To its own sports staff and later to all members' editors, A.P. last week dispatched a grave memo:

". . . There should be a ban on flowery, overenthusiastic lyrical sports writing for the duration. . . . Remembering the exploits of military heroes, it does not seem appropriate to overdo the use of such words as 'courageous,' 'gallant,' 'fighting'. ... It doesn't take much 'courage' to overcome a two-run lead in the ninth. . . ."

Other more important signs of war's pinch in the press:

> Comics are rapidly shrinking from five to four columns, with many a comic and Sunday magazine section due to go tabloid.

> Many sports sections are being cut in size. (Example: The New York Herald Tribune is down about three columns from a year ago.)

> Though newsprint (pegged at $50 a ton) is still plentiful, newspapers, take nothing for granted. Warnings have got round that the pinch will likely come in the fall, when new Canadian aluminum and chemical plants may need the electric power formerly used in newsprint manufacture.

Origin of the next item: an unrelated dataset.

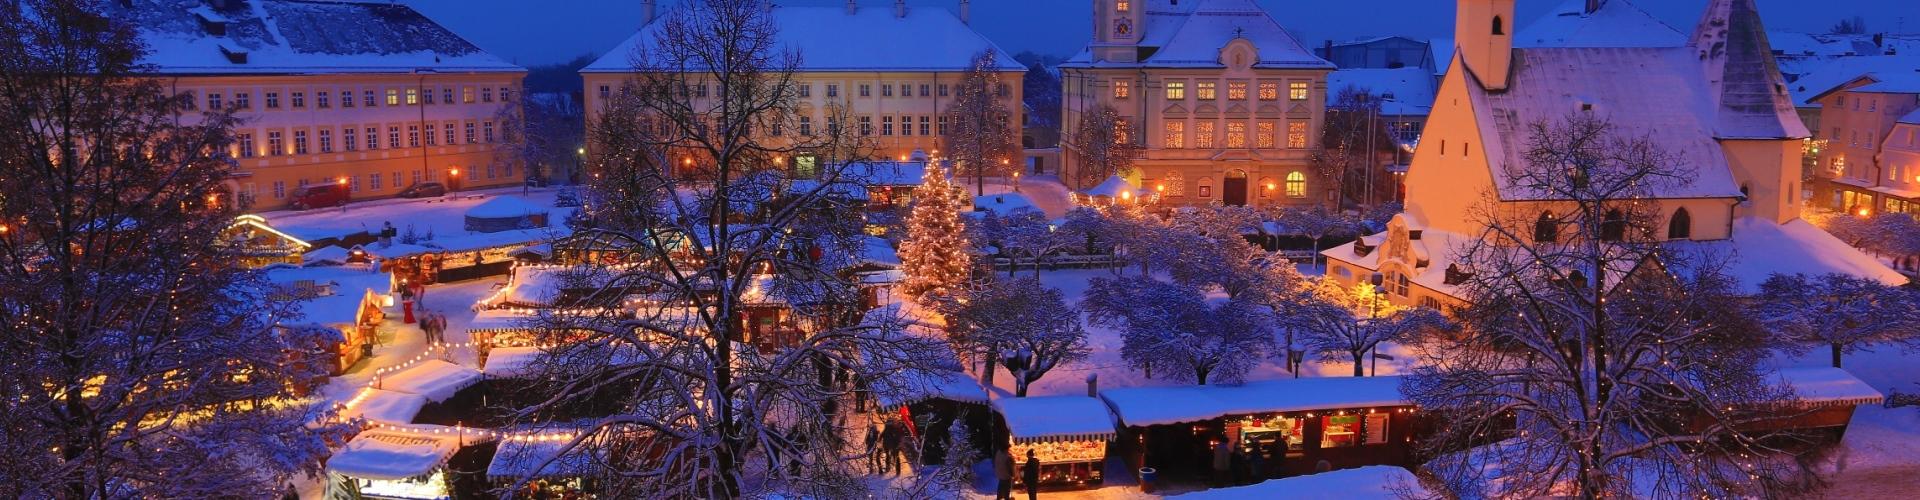 Weihnachtsmarkt Oberammergau.Altöttinger Christkindlmarkt Tourismus Altötting
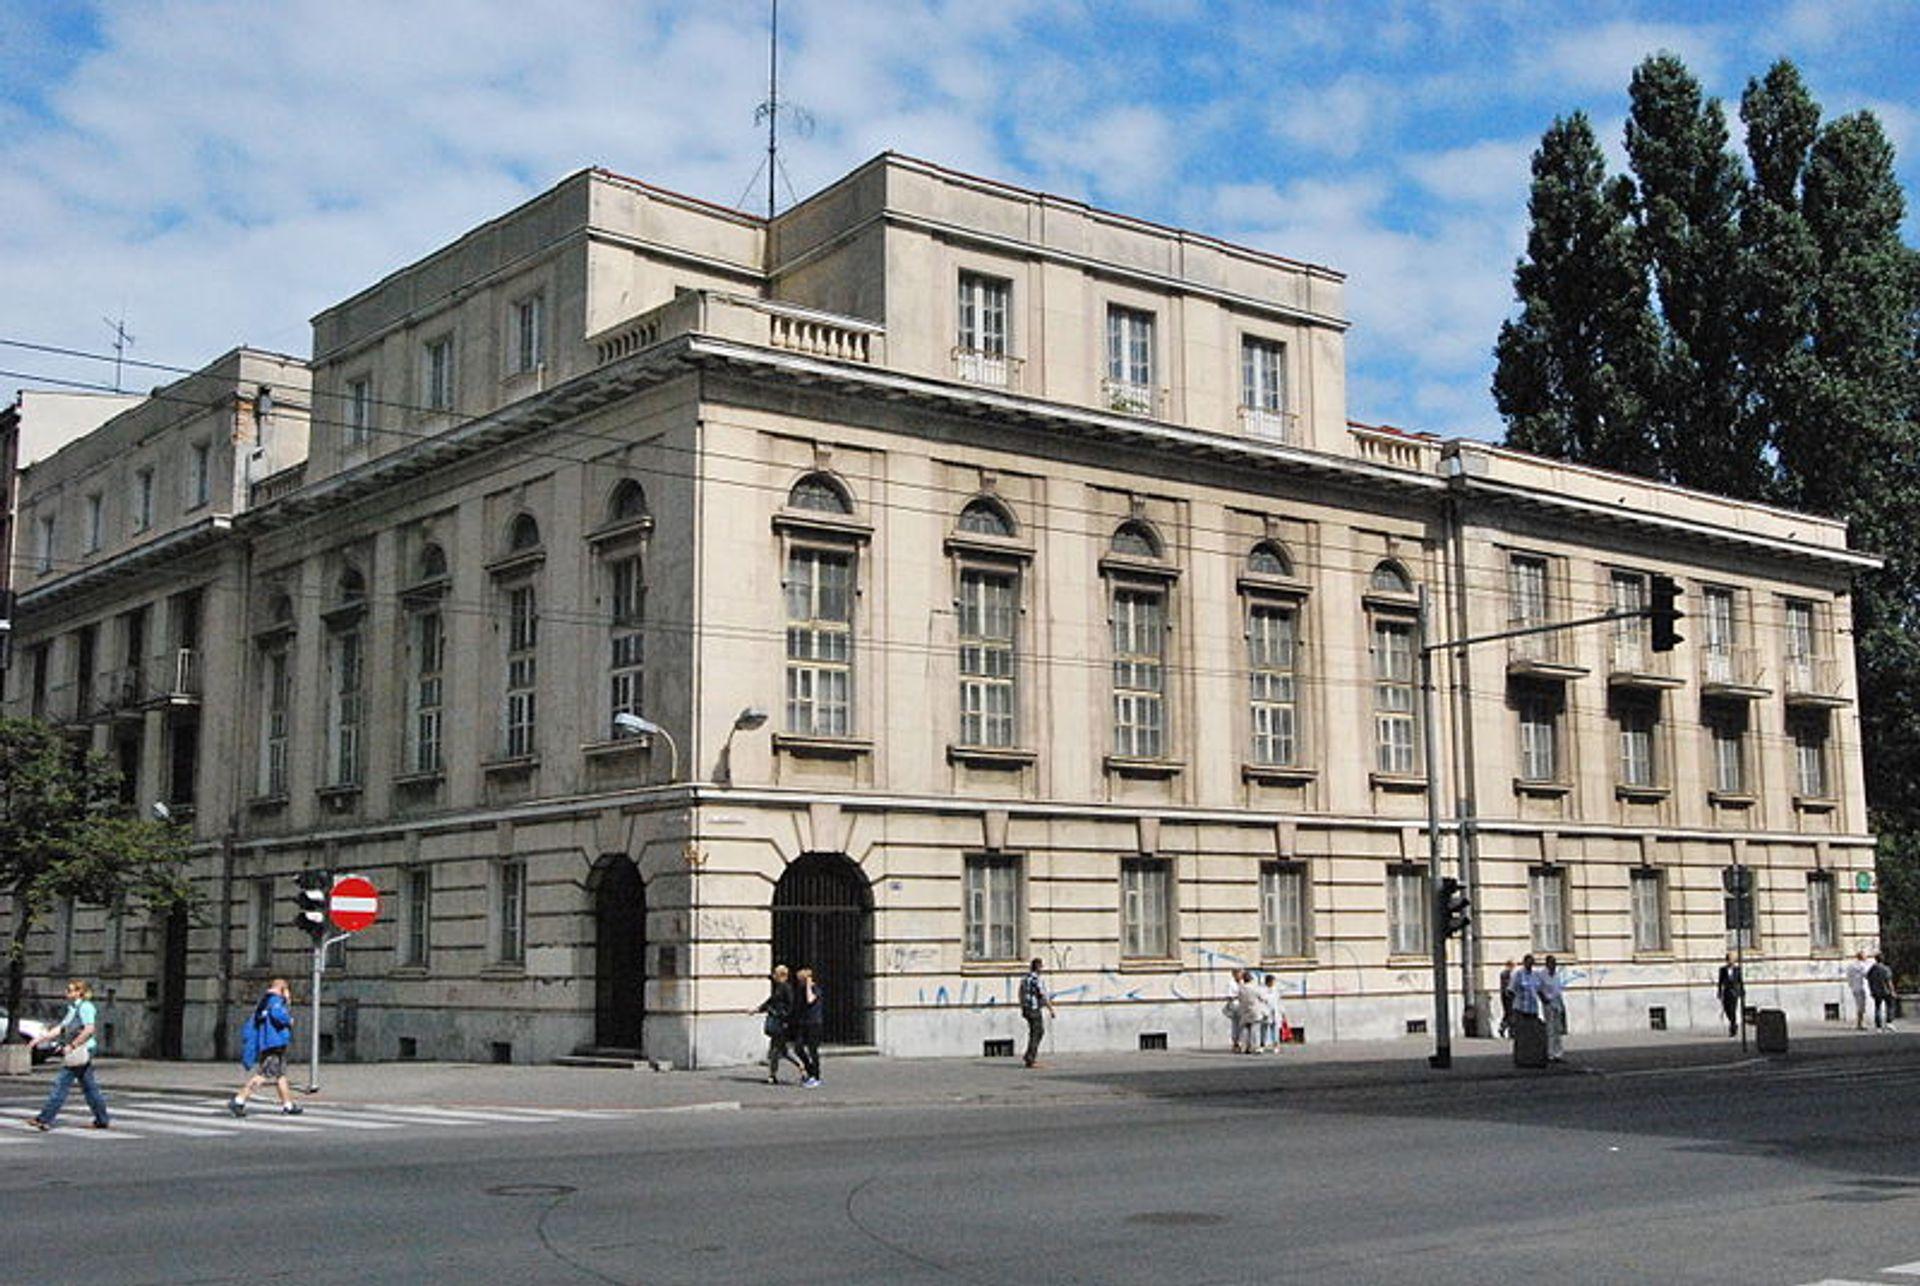 [Gdynia] Luksusowy hotel w zabytkowym Banku Polskim w Gdyni

Biggest newspaper problem of the moment, however, is ODT's order, effective June 1, that newspapers limit local deliveries to one a day, in order to save rubber and gasoline. In big cities, where newsstands account for a majority of circulation, publishers have complained that one edition a day would ruin them. They suggest pooling trucks, abolishing "returns," printing fewer editions but more than one. They claim their plan would' save more mileage than the Government's.

Triumphantly the New York Daily News made capital of curtailment on deliveries. In nearly two pages of text and pictures it gloated over newly acquired horses and wagons ("seventy oat-burners and their equipage, rubberless and gasless from nose to tail-board"). The News has frequently growsed about the ineptitudes of rubber and gas rationing. But last week the horse-&-buggy News was almost good humored. Said Driver John Pisano: "A newspaper delivery horse learns the turns and stops, and the driver just pitches the bundles off."